Maven sorted this out 20 years ago

what's a bit sad is the python packaging's authority survey from a few months ago seemed to be mostly interested in vision and mission statements

rather that building a functional set of tools

woodruffw 3 years ago | |

Namespacing is not a security boundary: it's a usability feature that helps users visually distinguish between packages that share the same name but different owners. I don't think it would meaningfully affect things like package index spam, which this is.

(This is not a reason not to add namespacing; just an observation that it's mostly irrelevant to contexts like this.)

blibble 3 years ago | | |

obviously, but it allows delegation of trust onto other systems (like the DNS)

example: the package named "aws" on pypi was created by some random guy and has been abandoned for years

if pypi/pip supported namespacing that would be info.randomdude.aws instead

and amazon's packages would be under com.amazon

not being able to namespace internal packages is another security issue that is substantially improved with proper namespacing

to be blunt: not supporting it at this point is reckless and irresponsible

(I note you're part of pypa!)

Riverheart 3 years ago | | |

It can be if you implement it to be so. Just let people create an allowlist of approved vendors for their organization or project from those namespaces. This handles not having to approve individual packages from trusted entities like Google, Microsoft, etc. Update the list when new vendors are needed. Reuse elsewhere as necessary.

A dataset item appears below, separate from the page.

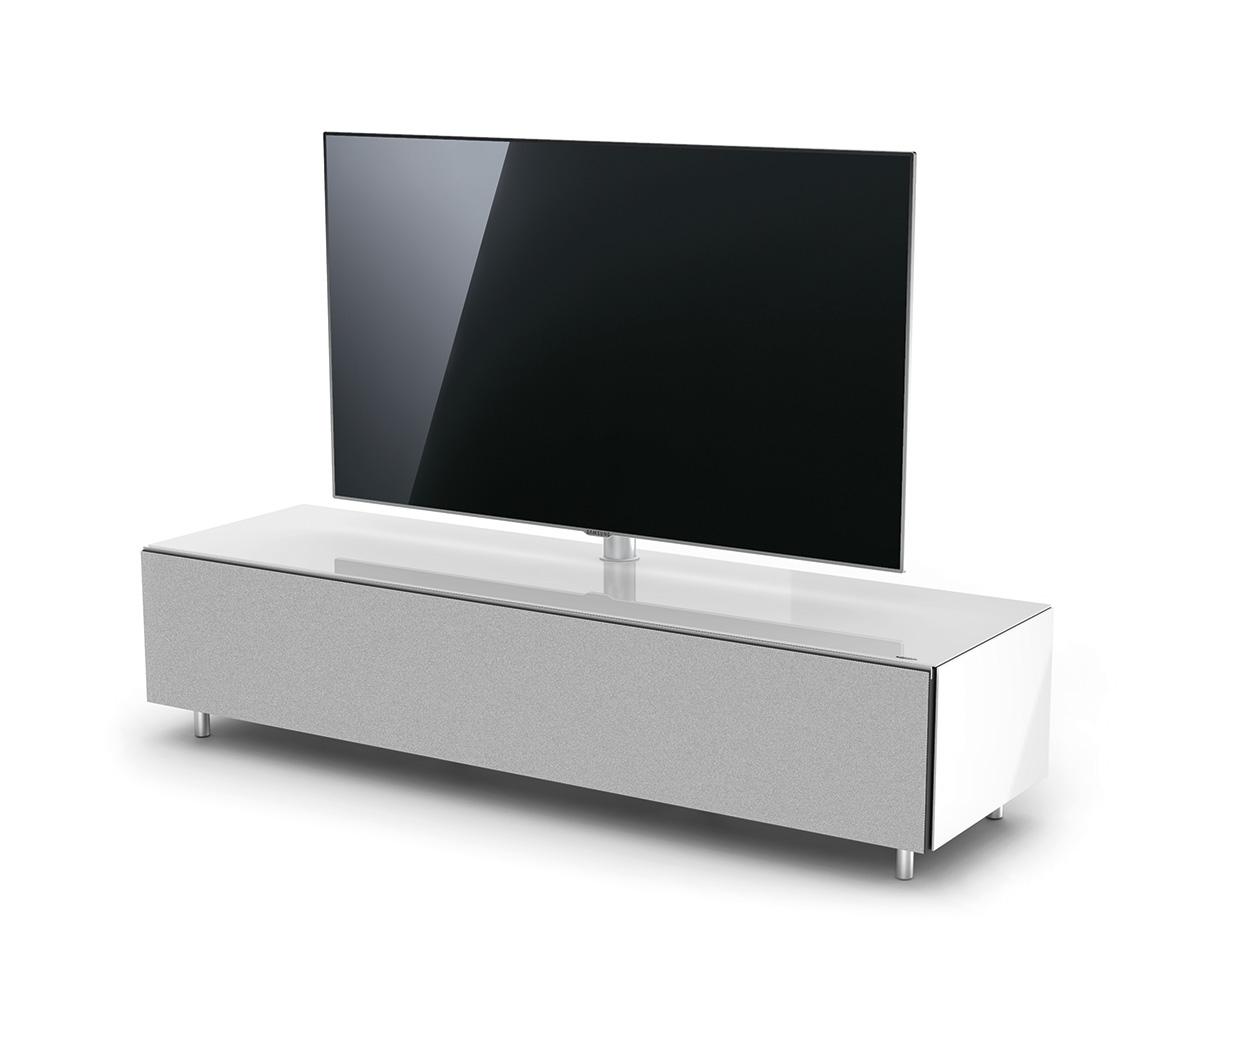 just-racks tv-meubel JRL1654-T-SNG

Maybe the list can be hosted on an internal server for other employees to reuse. Hosting all the packages internally is overkill. Trusting the world by default is overkill.

Now "pip install gooogle/package"

"Hey User, gooogle/package is not from a trusted namespace. Did you mean google/package which is similar and trusted? Or would you like to add gooogle to your local trust file?"

The lack of any kind of curated feeds that only lists verified or popular packges is tragedy. There should be a reasonable way of allowing clients to protect themselves from a typo.

lelandbatey 3 years ago |

Interestingly, all the packages, even the ones from today, have all been taken down. So too have all the files that were being hosted on Dropbox.

photochemsyn 3 years ago |

Wow this site runs a lot of JavaScript, speaking of aggressive data collection.

https://blog.hubspot.com/website/data-mining

ianai 3 years ago |

Even animals in the wild agree to peace around the watering hole.

readthenotes1 3 years ago | |

Someone forgot to tell the crocodiles...

https://journals.plos.org/plosone/article?id=10.1371/journal...

eternalban 3 years ago | |

You forgot some of those animals have fangs.

It's like NYC's side walks. Compare pedestrian behavior at say SoHo (daylight) and say LES (nighttime). Amazingly enough, the partying and inebrieted pedestrians at night all file politely in the correct bimodal L|R formation. During the day, it's a rather wild and somewhat uncivilized dynamic slalom formation. My theory: Fangs. The night creatures know someone potentially dangerous maybe in the midst.

MadSudaca 3 years ago | |

The problem is assuming we’re better than animals.

ianai 3 years ago | | |

I was rolling the shame or guilt card.

timeon 3 years ago | |

By animals you mean something like mammals?

steponlego 3 years ago |

Yet another attack that requires the biggest malware vector, MS Windows. LOL

puffoflogic 3 years ago |

I read TFA three times and I still have no idea what they meant by "Rust stage 1 executables".

In these cases I frankly assume that they don't either.

fortran77 3 years ago |

But I thought Rust was supposed to be safe?!